- TASK ITEM -
Before copying, find the line below that contains "Building a UX"; then return it and all later lines exactly, up to and including the final line, with no pictures.

- RAW DATA -
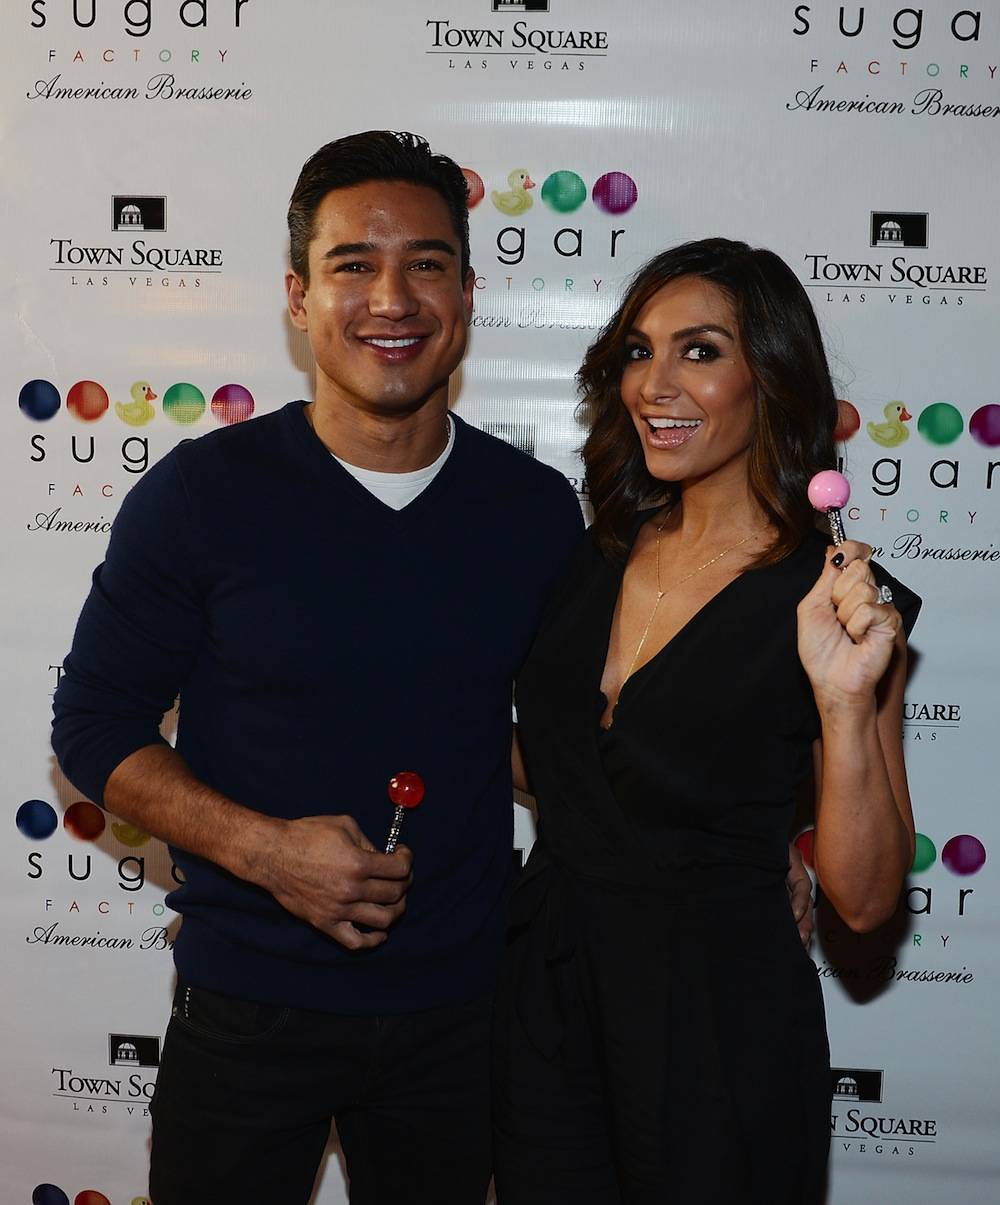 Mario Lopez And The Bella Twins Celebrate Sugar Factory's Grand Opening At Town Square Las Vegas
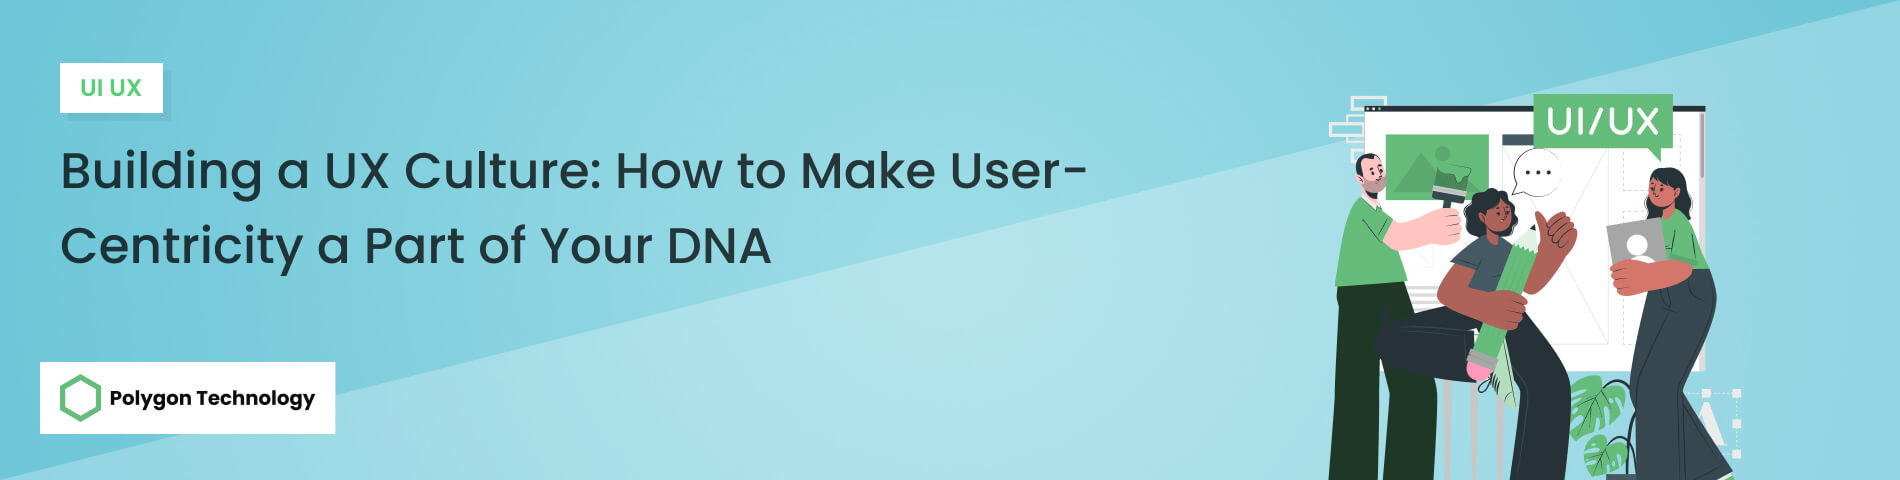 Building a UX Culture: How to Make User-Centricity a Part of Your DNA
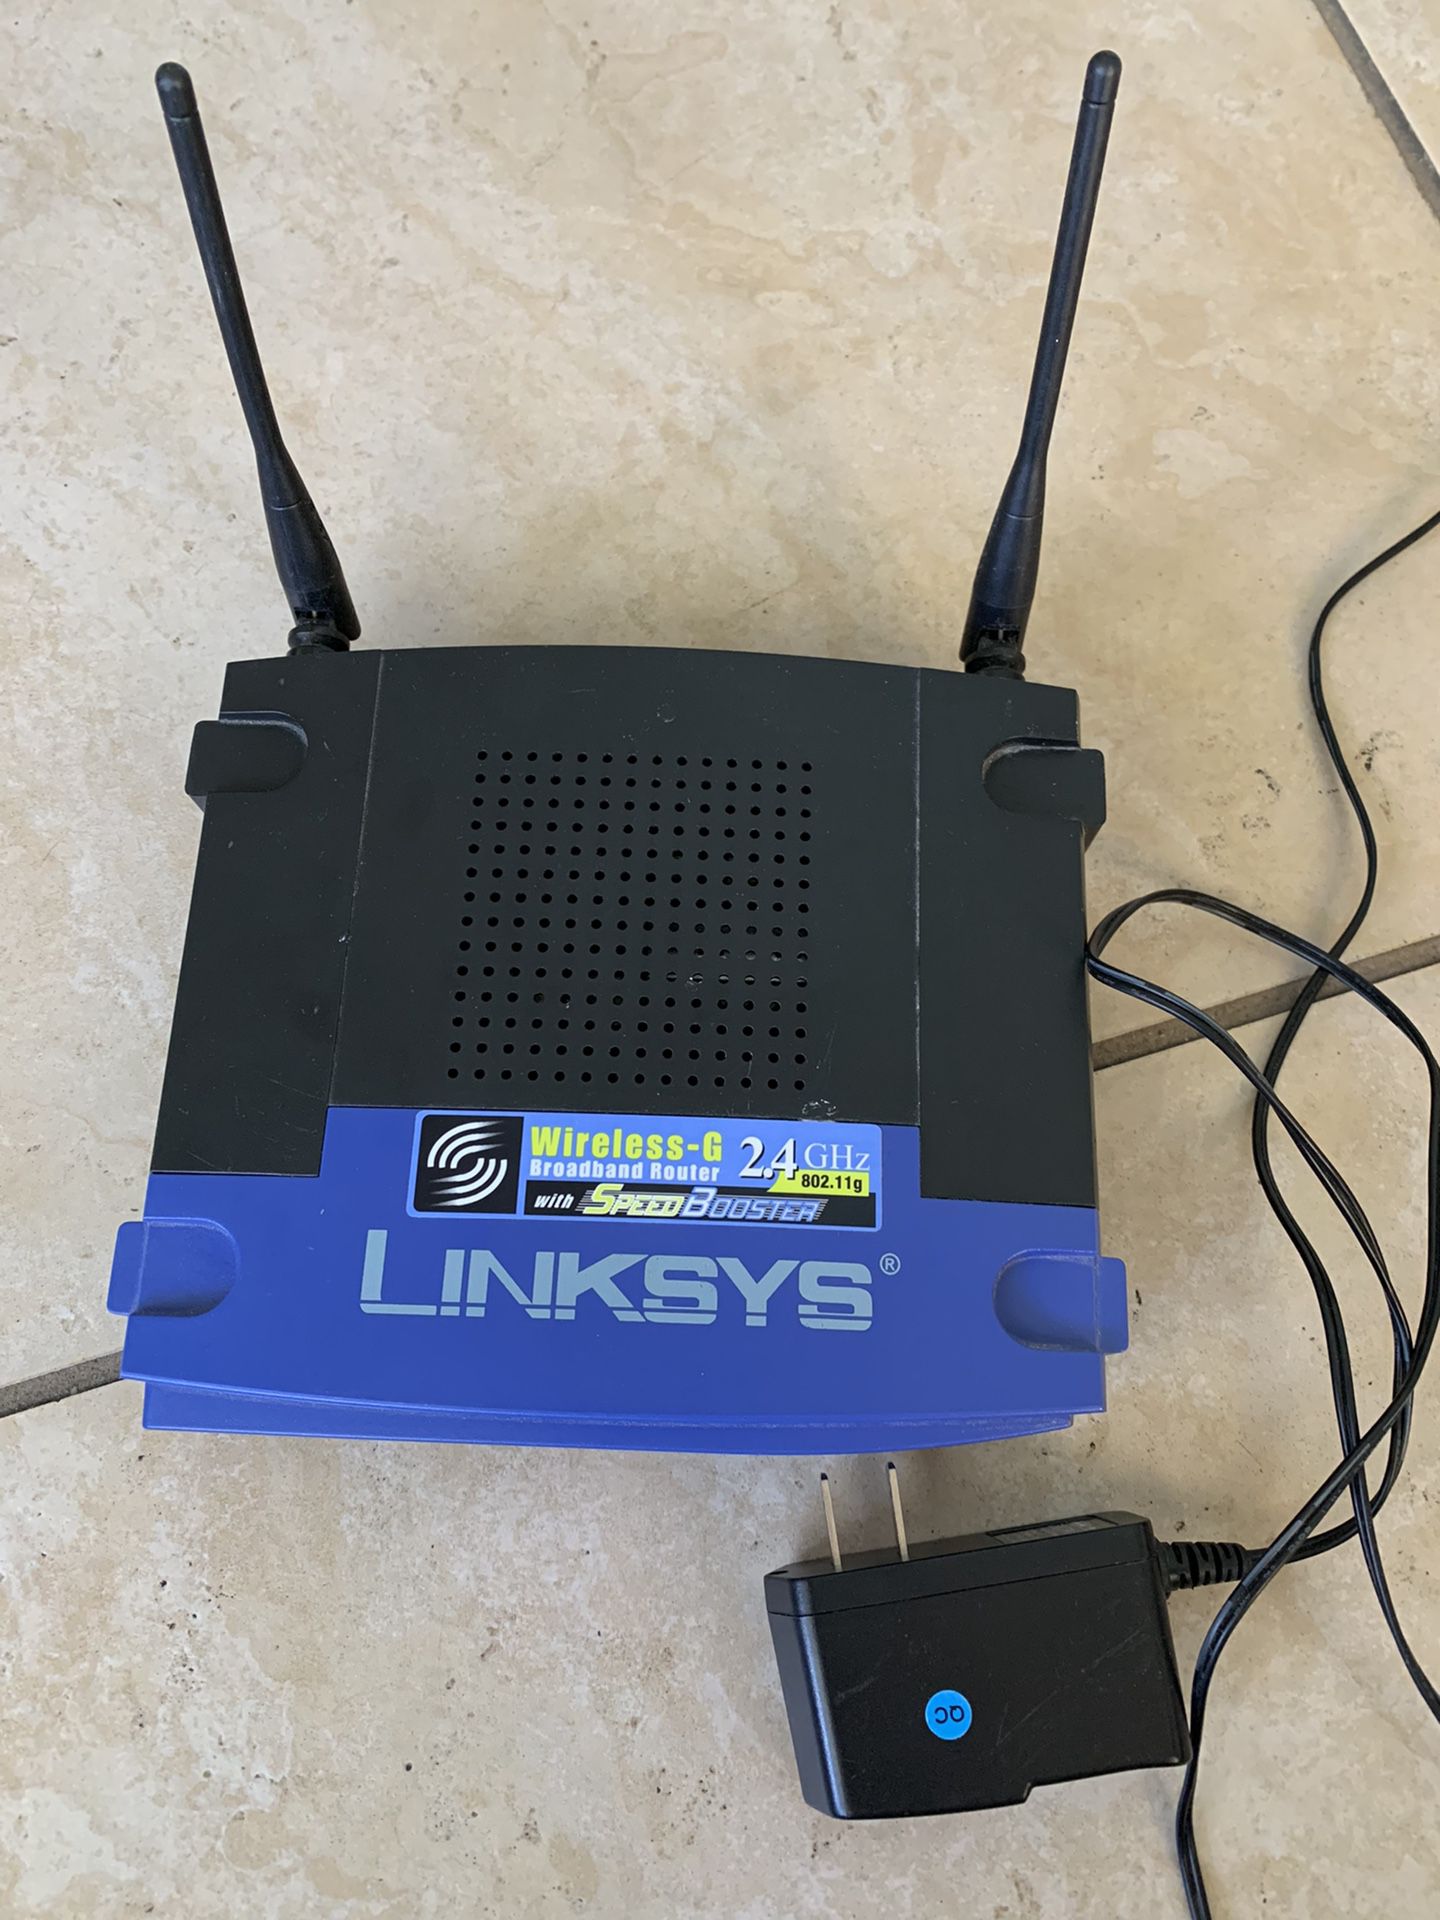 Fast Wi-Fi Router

- EXERCISE OUTPUT -
 Building a UX Culture: How to Make User-Centricity a Part of Your DNA
 Fast Wi-Fi Router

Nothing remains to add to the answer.